Sub-grade
Visibility — can AI agents reach your website?
Visibility is the AAIO sub-grade covering whether AI agents can fetch your pages at all — robots.txt that allows the right user-agents, a CDN that doesn't silently block them, a sitemap they can discover, and (increasingly) an llms.txt that maps your site for them. Most sites quietly fail one of these. Three scored parameters covering bot access, CDN blocking, and indexation.
By Chris Mühlnickel · 2026-05-04
What is Visibility?
Visibility (in AAIO) is the set of access-layer signals — robots.txt policy, CDN bot policy, indexability, sitemap, llms.txt — that determine whether an AI agent can fetch your site's content at all.
By the numbers
- ~50% — of AI crawler traffic on Cloudflare's network in Aug 2025 came from ClaudeBot + GPTBot combined. (Cloudflare blog — AI crawler traffic by purpose and industry · 2025-08-28)
- 50,000:1 — Anthropic's crawl-to-refer ratio. OpenAI 887:1, Perplexity 118:1 — agents take far more than they send back. (Cloudflare blog — AI crawler traffic by purpose and industry · 2025-08-28)
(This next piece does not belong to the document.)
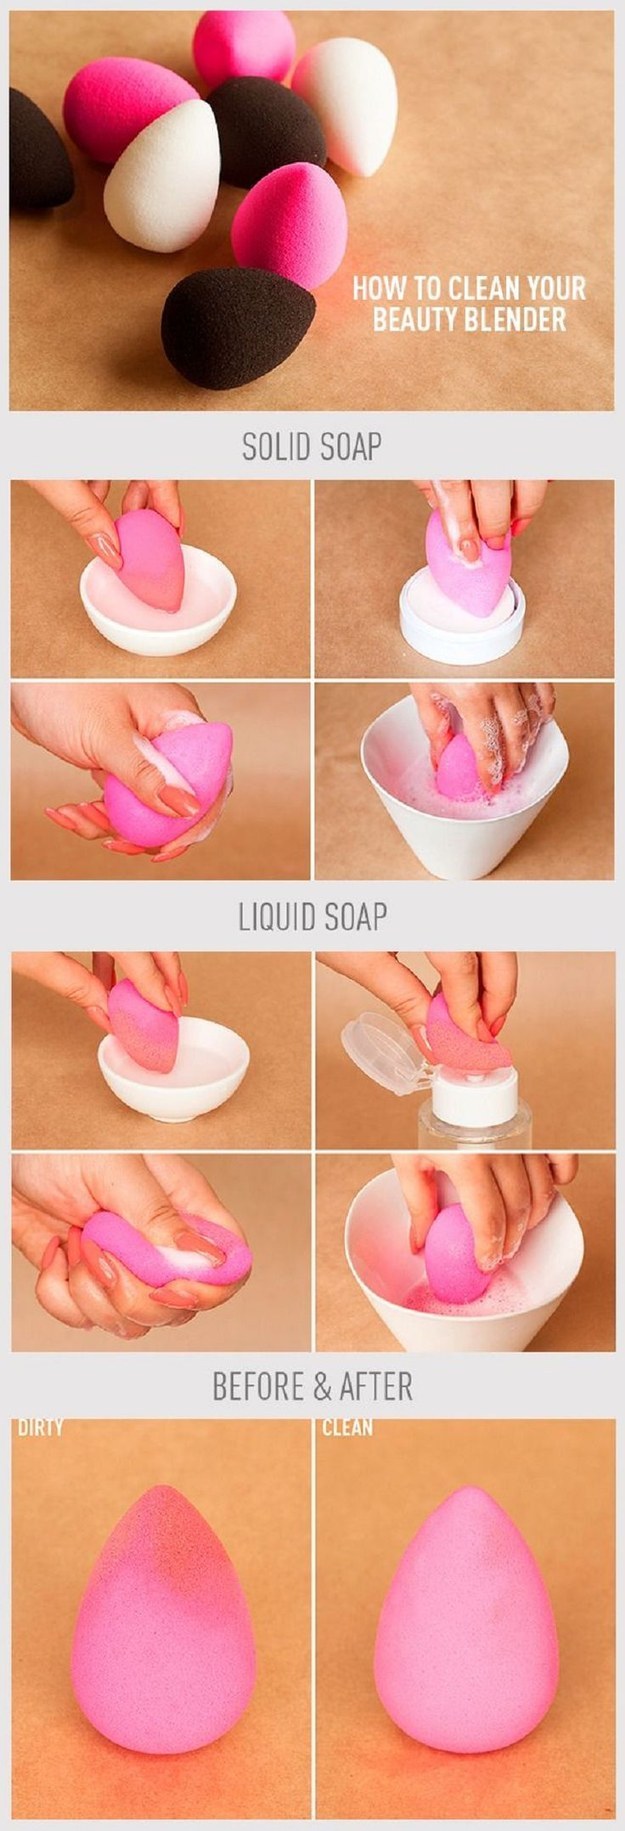 How to Clean Your Beauty Blender

- ~20% — of Googlebot's 4.5B monthly volume now comes from AI crawlers — GPTBot 569M, Claude 370M, PerplexityBot 24M. (Vercel — The rise of the AI crawler · 2024-12-17)
Why it matters
Access failures are silent — the agent doesn't tell you, it just doesn't cite you. Cloudflare's crawl-to-refer ratios make this brutally clear: when ChatGPT or Claude or Perplexity decides not to fetch your page, you don't see a 4xx in your logs (the request never happens). You don't see a missing citation in their output (you never know what they almost cited). You just see your competitors getting cited and don't know why. The first mover advantage of being scannable is invisibility-of-the-other-guys.
CDN bot-fight modes are well-intentioned and broadly correct, but often default to blocking AI agents. Cloudflare bot-fight, AWS Shield, Akamai bot manager — all designed for malicious bot mitigation, all configurable for AI agent access. The default rules are conservative, which means AI agents get blocked at the edge unless you explicitly allow them. Most site owners don't know this is happening; the symptom is the absence of citations, which is hard to attribute to a single config.
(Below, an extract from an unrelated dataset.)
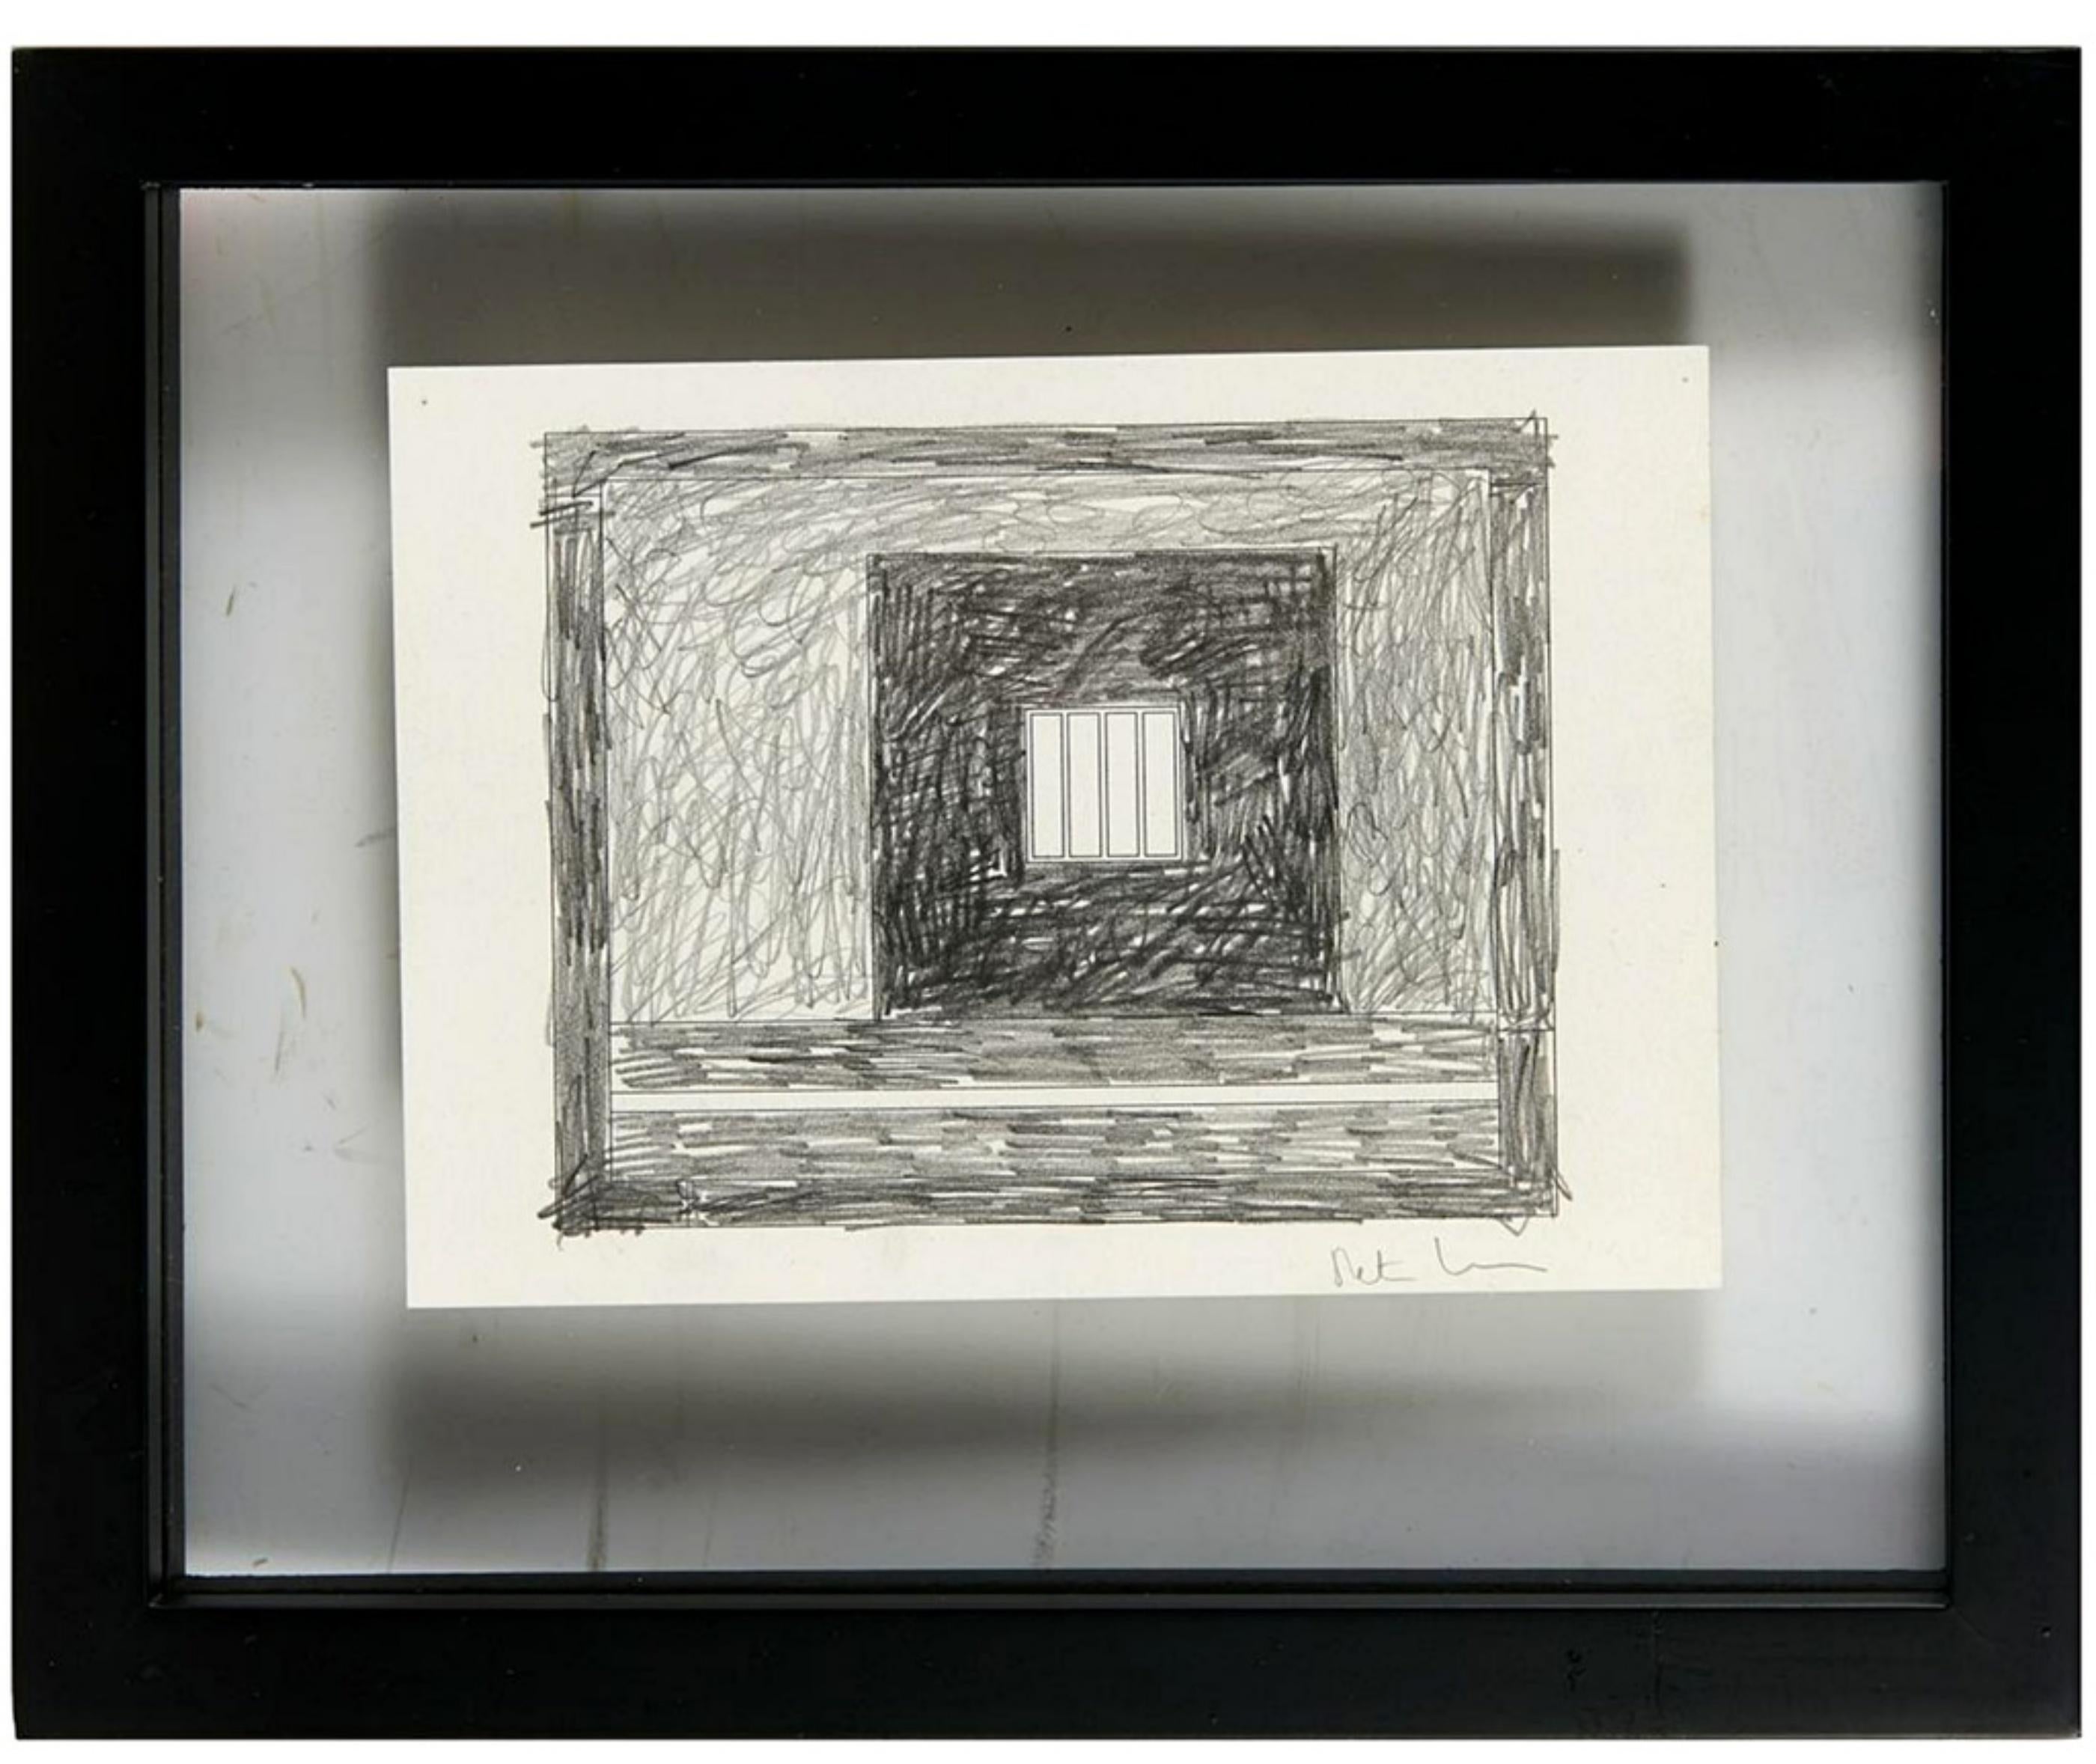 Prison 30, unique signed drawing 1990s by renowned contemporary artist, framed

robots.txt is now a citation policy, not just a crawler policy. What you allow shows up in AI Overviews, ChatGPT Search, and Claude responses; what you block disappears from them. The reflexive 2023-era "block AI" decision was made by site owners who hadn't yet seen what allowing AI agents gives them: organic mentions, citations in answer surfaces, and zero-cost discovery from a fast-growing channel. Block decisions made today should be deliberate, narrow, and re-evaluated quarterly.
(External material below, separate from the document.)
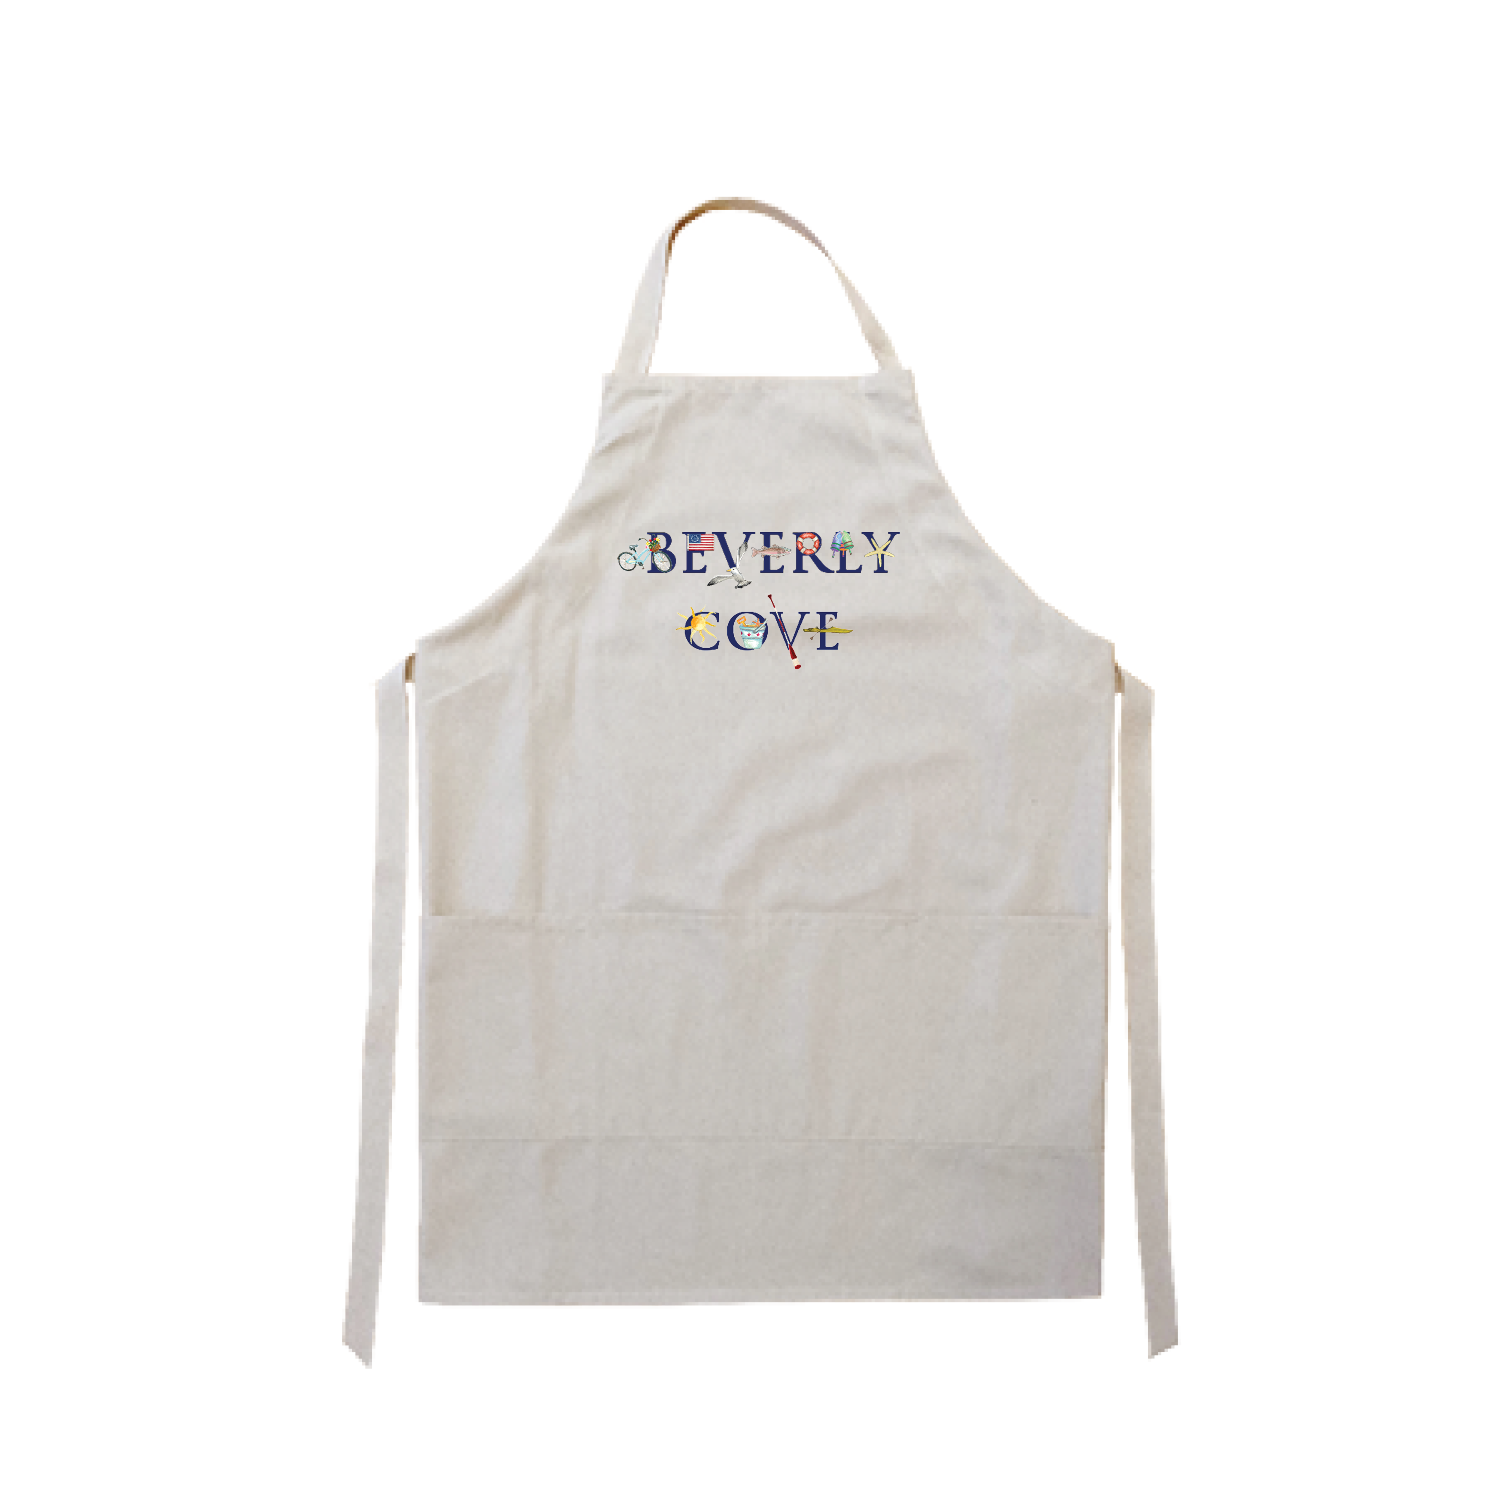 beverly cove apron

llms.txt is an emerging convention but a cheap, high-signal one. Adopters get a discoverability premium today before the convention is universal. The format is dead simple — a Markdown file at /llms.txt with a site summary, key URLs, and pointers to richer content. The cohort that ships it now (Stripe, Twilio, Linear, Notion) is exactly the cohort that wins agent-traffic share earliest. Adoption beats perfection.
SEO best practices carry forward to agents — but with sharper consequences when you fail them. XML sitemap, canonical URLs, server-side rendering, mobile-friendly responsive layouts. Each of these matters for human search and for agents. The difference: a slow human will reload; a JS-only critical content section that takes 4 seconds to render is a hard fail for an agent that doesn't execute JavaScript at all. Pre-existing SEO debt is amplified at the agent layer.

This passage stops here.